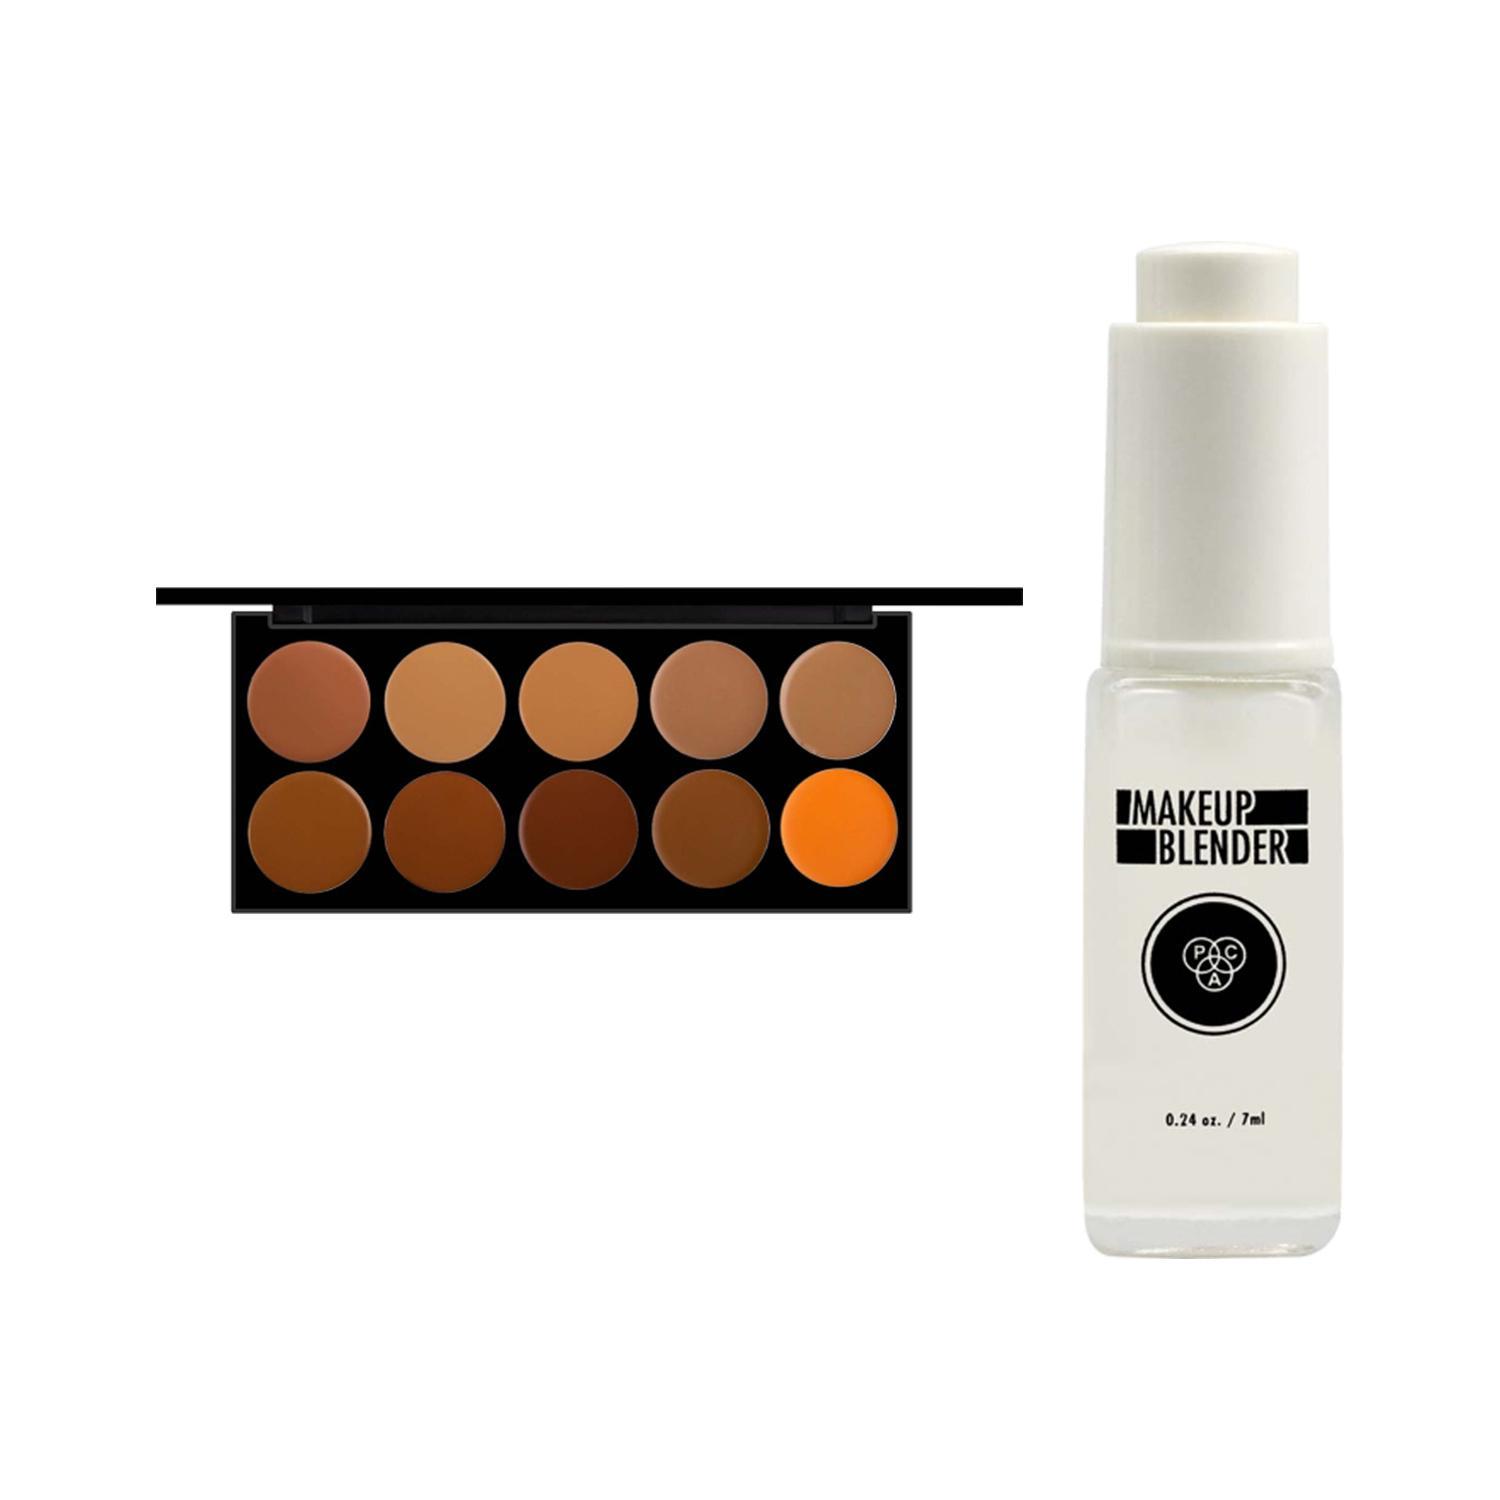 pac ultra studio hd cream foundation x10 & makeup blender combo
==
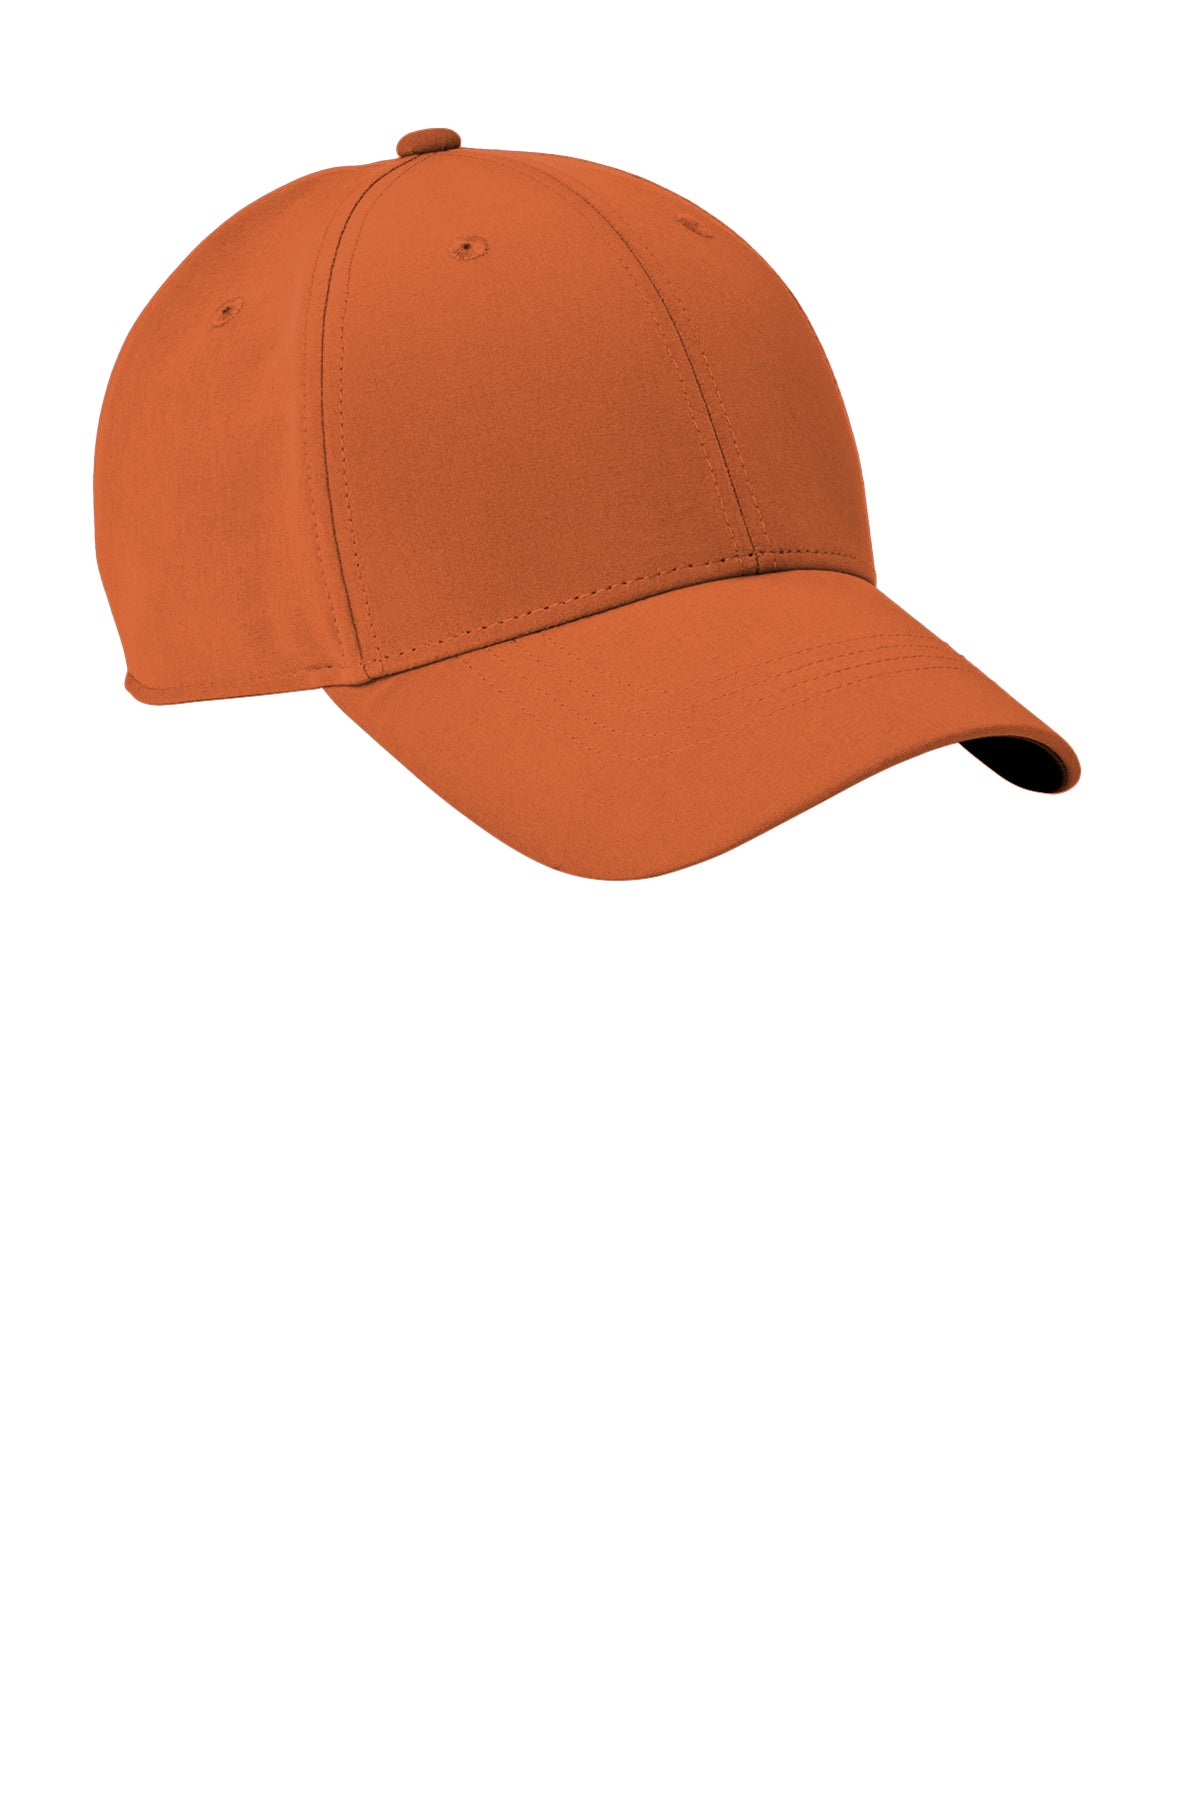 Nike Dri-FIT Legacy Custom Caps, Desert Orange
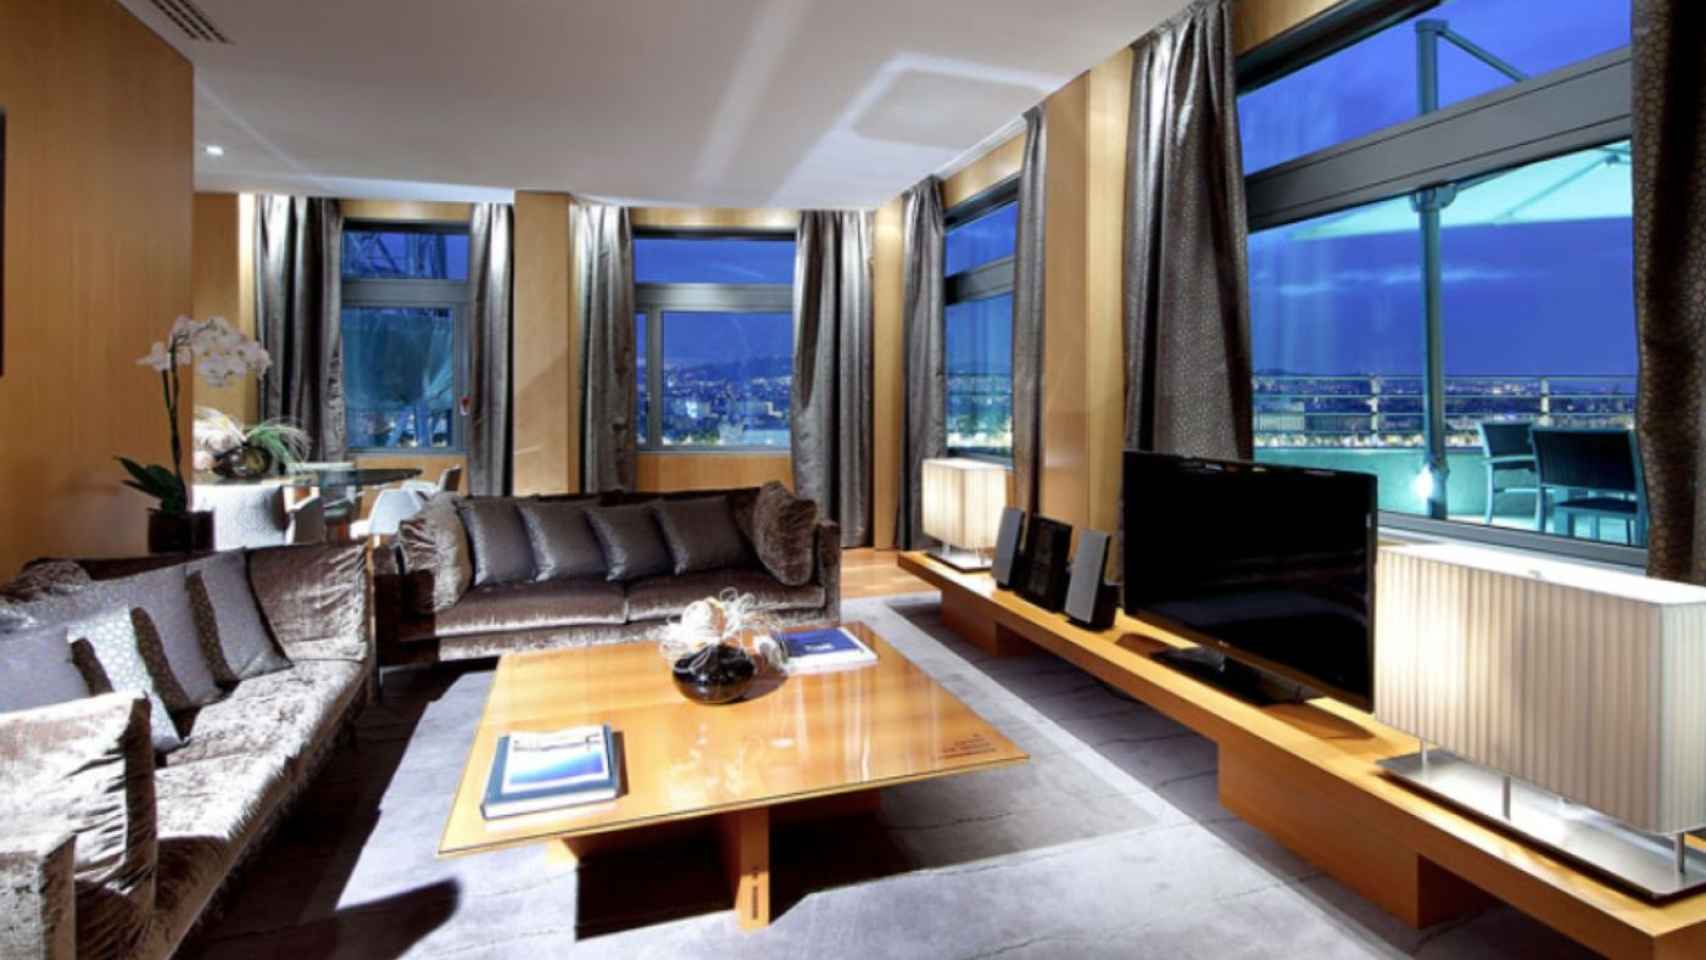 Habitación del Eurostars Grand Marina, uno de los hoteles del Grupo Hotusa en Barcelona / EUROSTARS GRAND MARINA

▸ EXERCISE DETAILS: Copy exactly the part of the material above that opens with the line containing "Nike Dri-FIT Legacy" and closes with the line containing "Habitación del Eurostars", ends included. Drop the images.

▸ OUTPUT OF THE TASK:
 Nike Dri-FIT Legacy Custom Caps, Desert Orange
 Habitación del Eurostars Grand Marina, uno de los hoteles del Grupo Hotusa en Barcelona / EUROSTARS GRAND MARINA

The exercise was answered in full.